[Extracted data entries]
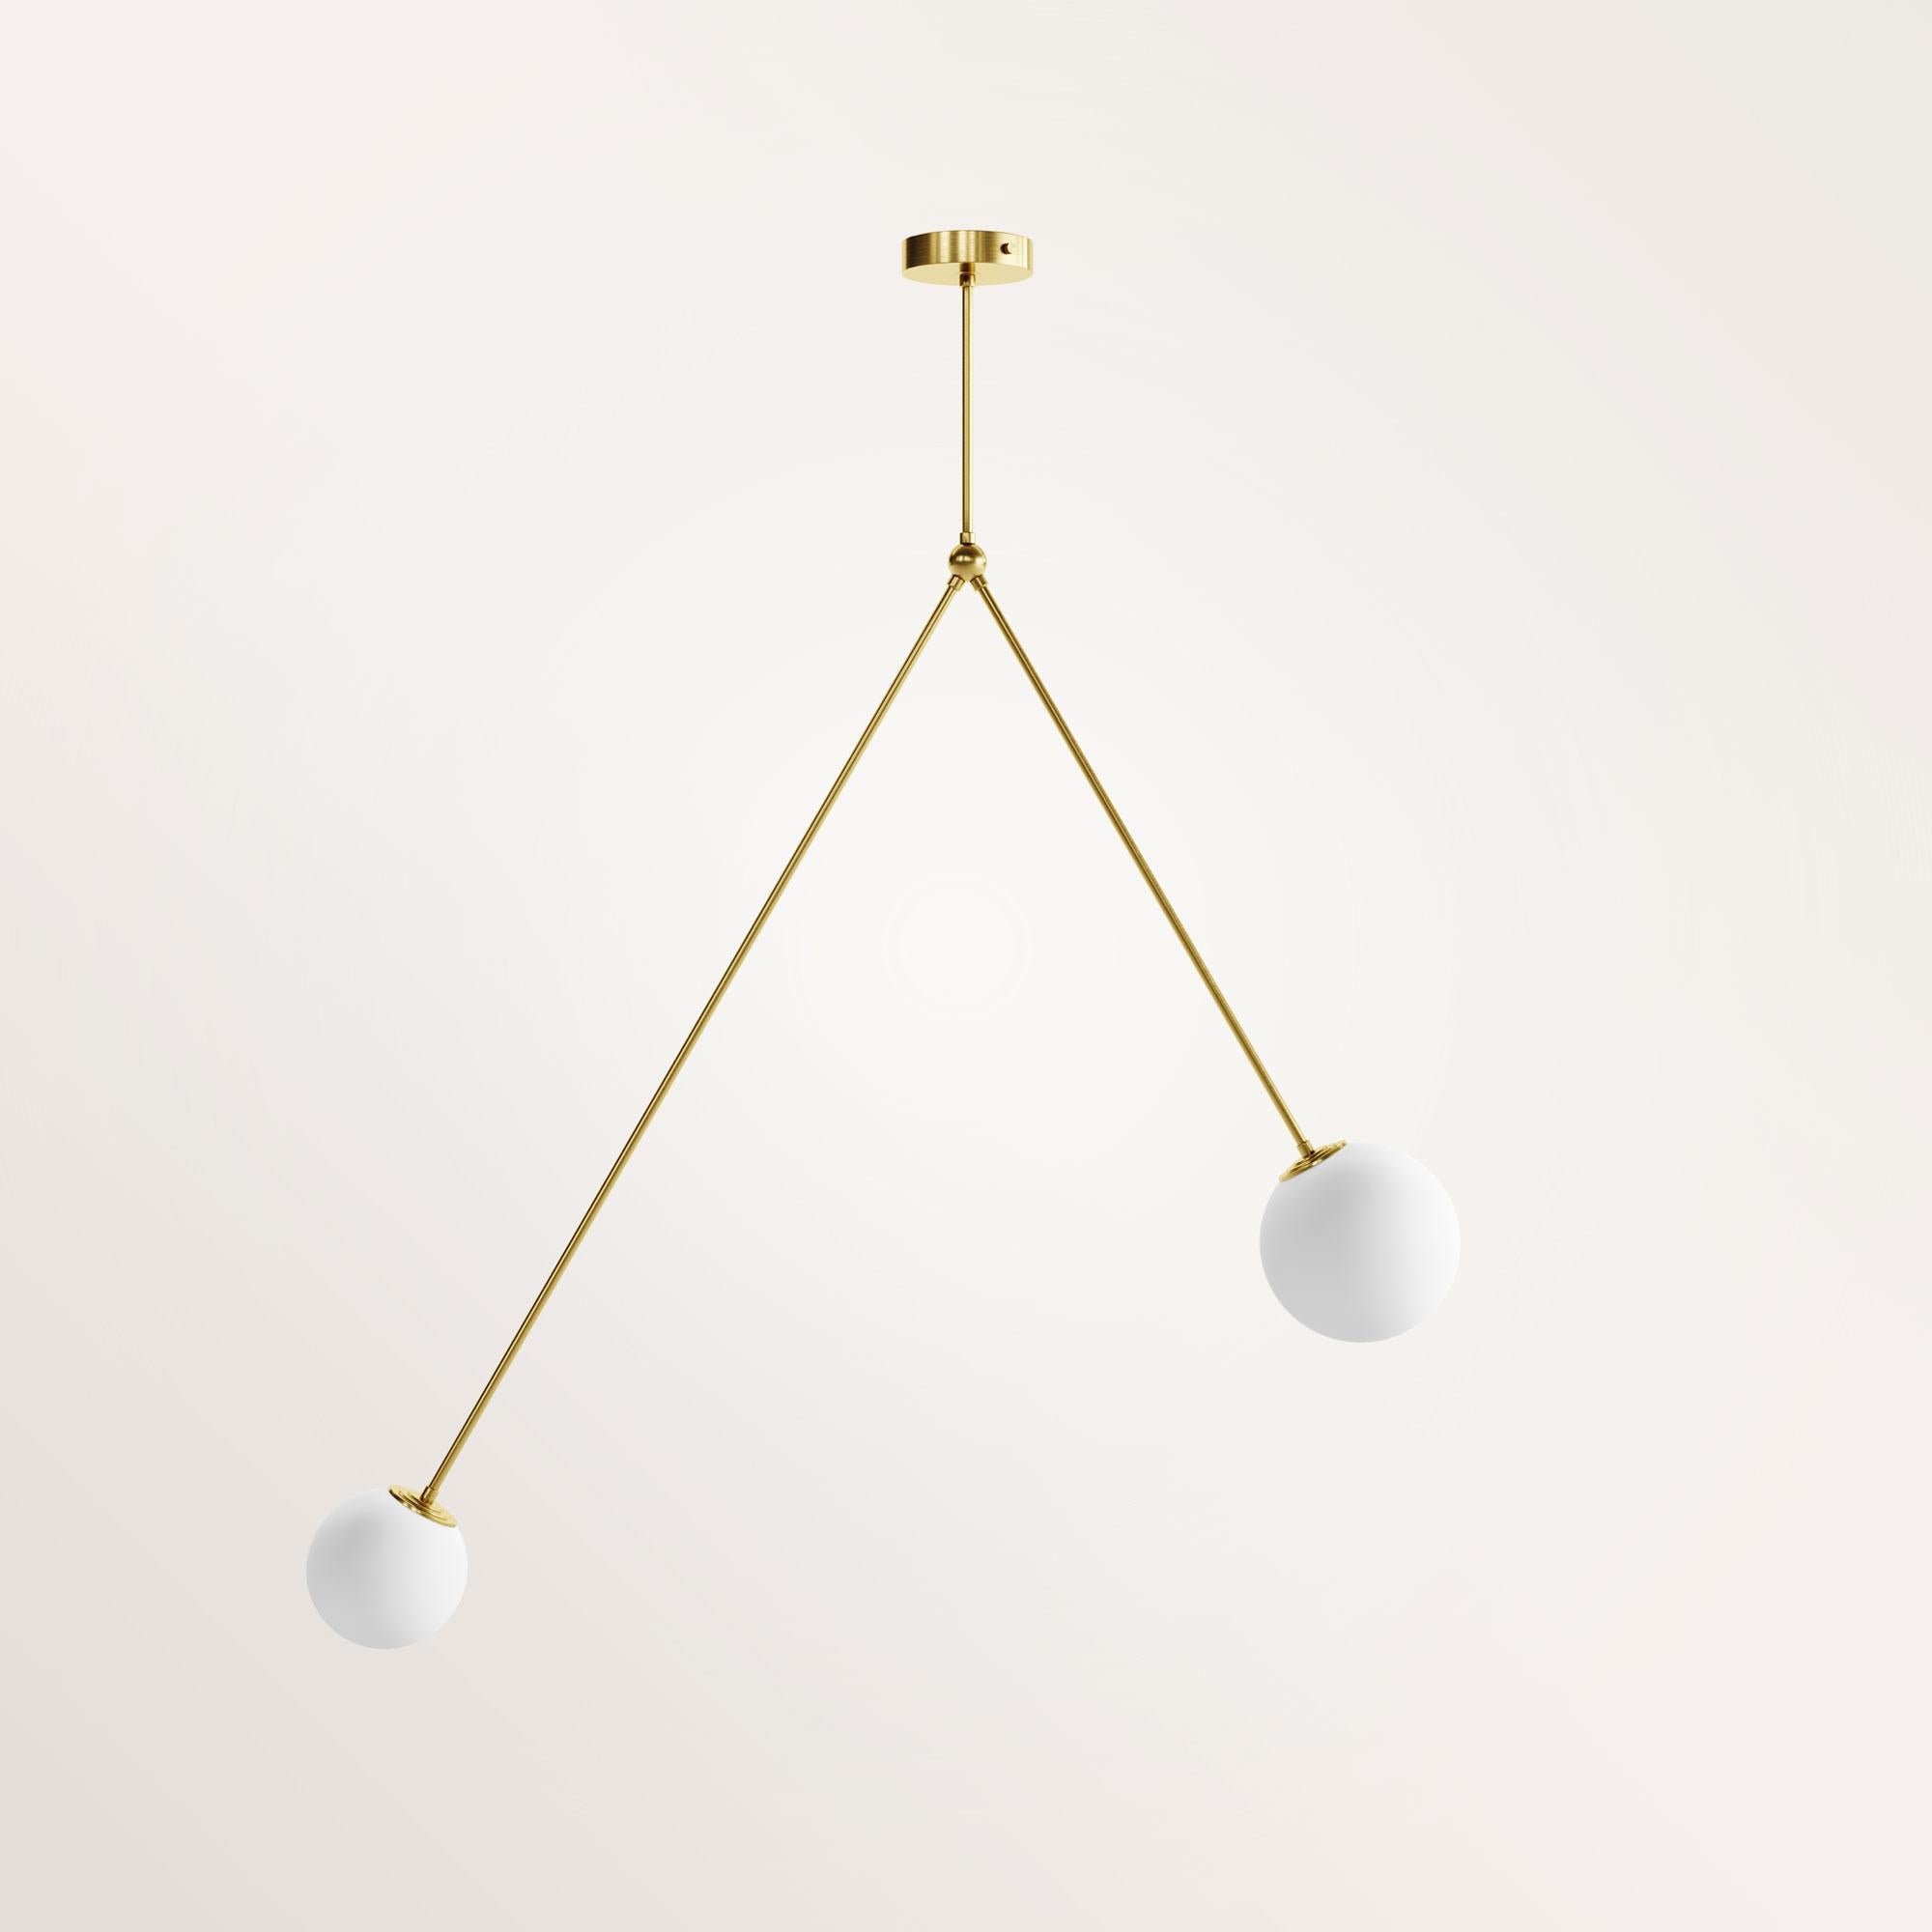 Handmade Dioscuri chandelier by Gobo Lights
Dimensions: 90 L x 12 l x 100 H
Materials: Brass, Opaline

In Greek mythology, Castor and Pollux, called Dioscuri, are the twin sons of Leda.

Self-taught and from the world of chemistry, this
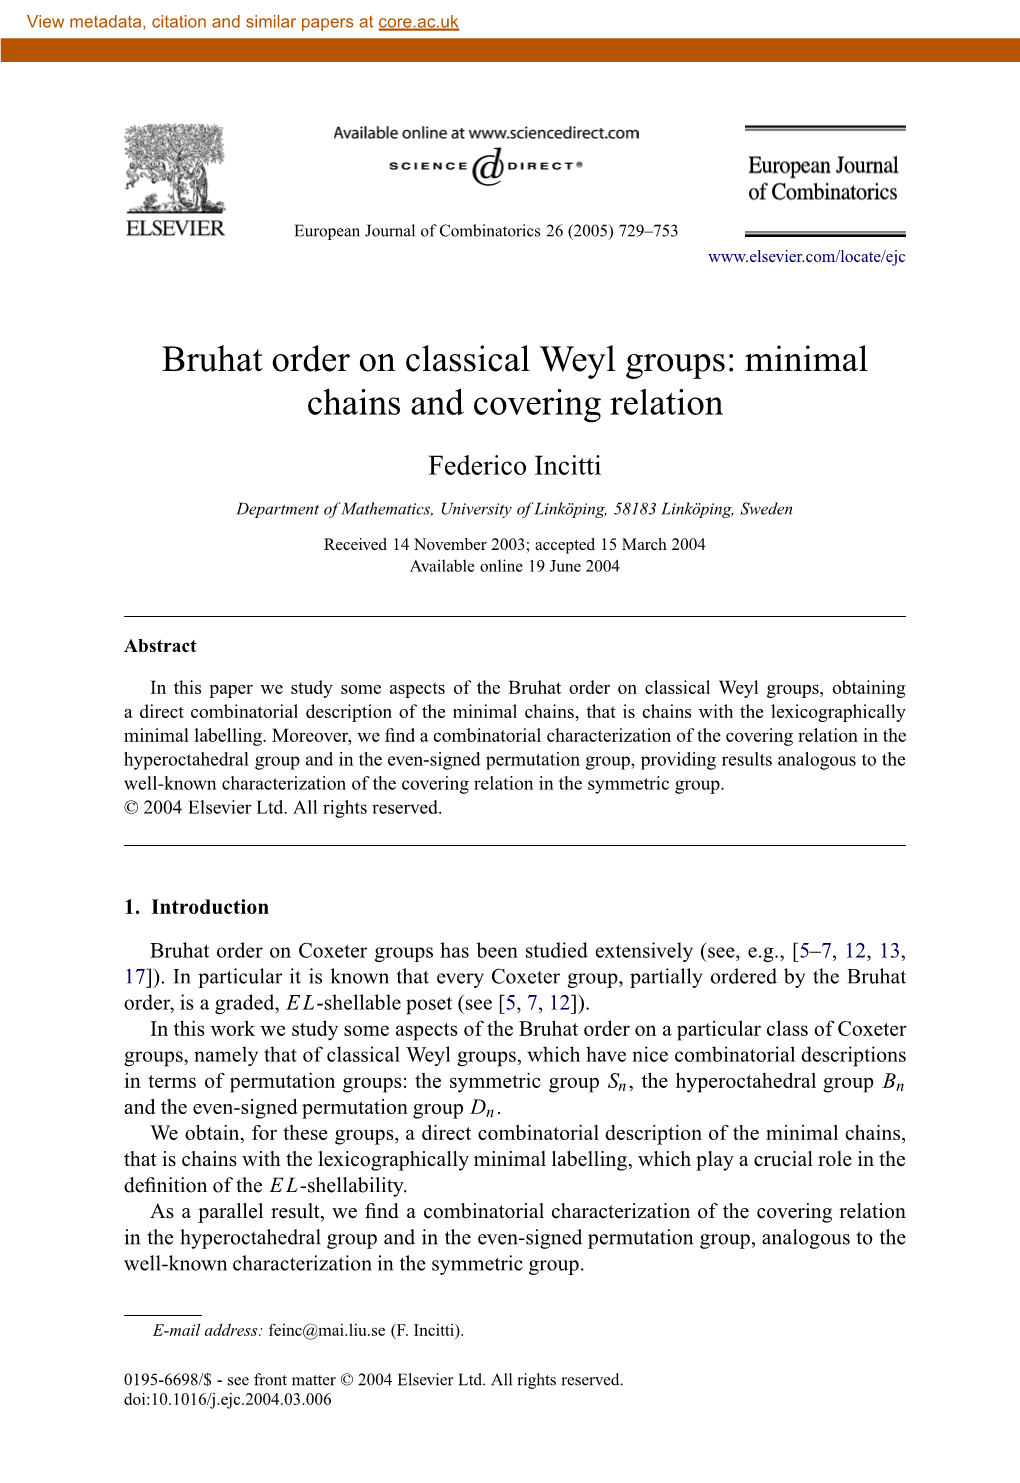 Bruhat Order on Classical Weyl Groups: Minimal Chains and Covering Relation
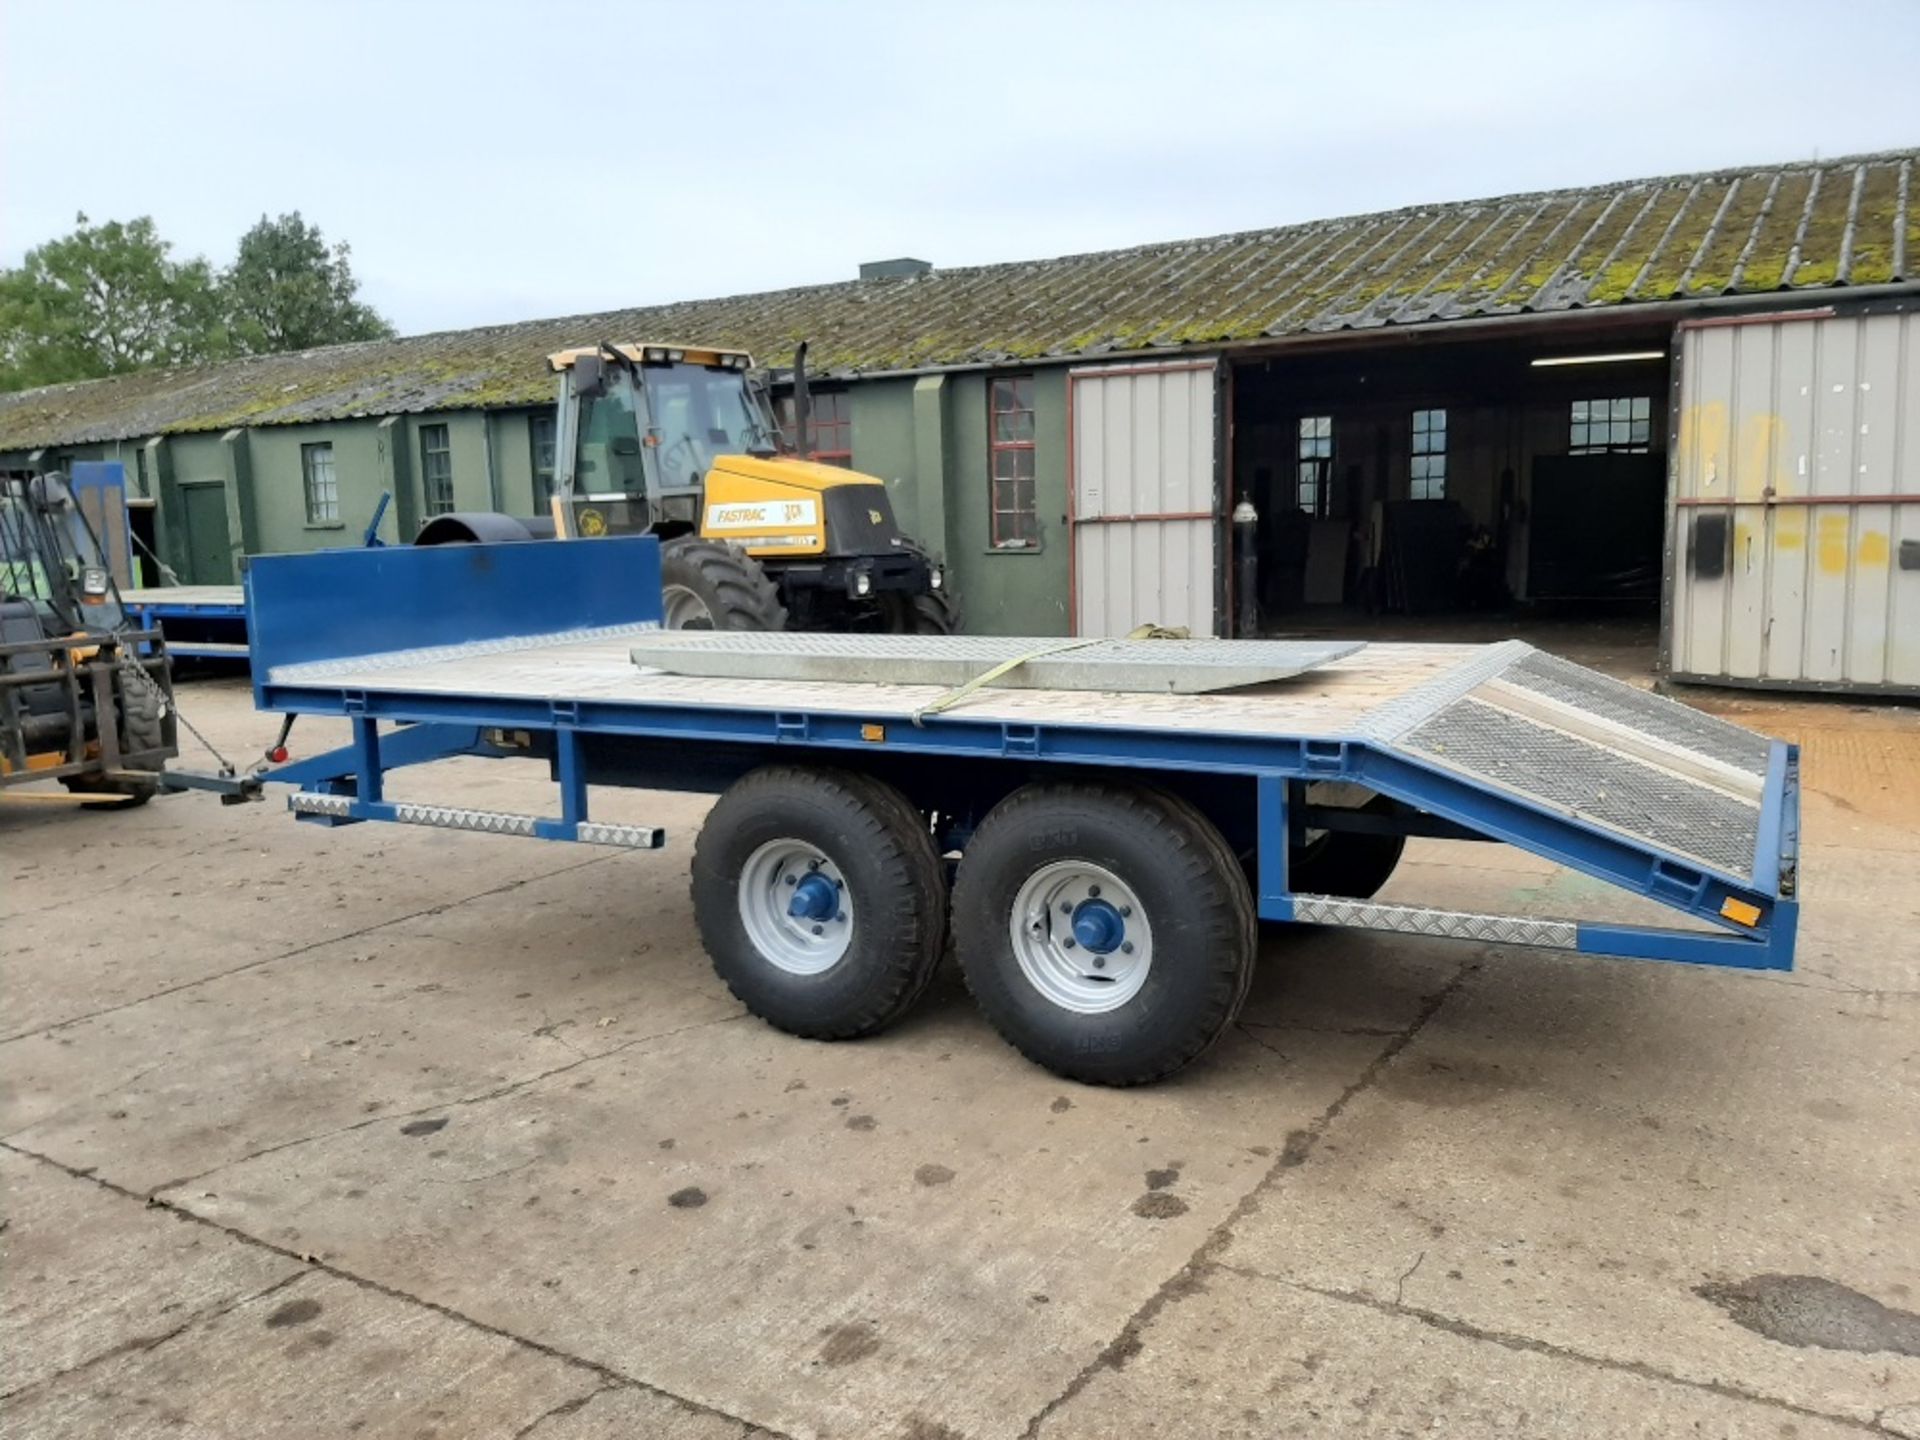 New build beaver tail trailer built on a second hand Salop chassis, - Image 3 of 4

WHAT NEEDS TO BE DONE:
Your answer should consist solely of the lines from the one with "Dimensions: 90 L x 12 l x 100 H" through the last line of the entries, restated word for word, with the pictures omitted.

OUTPUT FOR THIS TASK:
Dimensions: 90 L x 12 l x 100 H
Materials: Brass, Opaline

In Greek mythology, Castor and Pollux, called Dioscuri, are the twin sons of Leda.

Self-taught and from the world of chemistry, this
 Bruhat Order on Classical Weyl Groups: Minimal Chains and Covering Relation
 New build beaver tail trailer built on a second hand Salop chassis, - Image 3 of 4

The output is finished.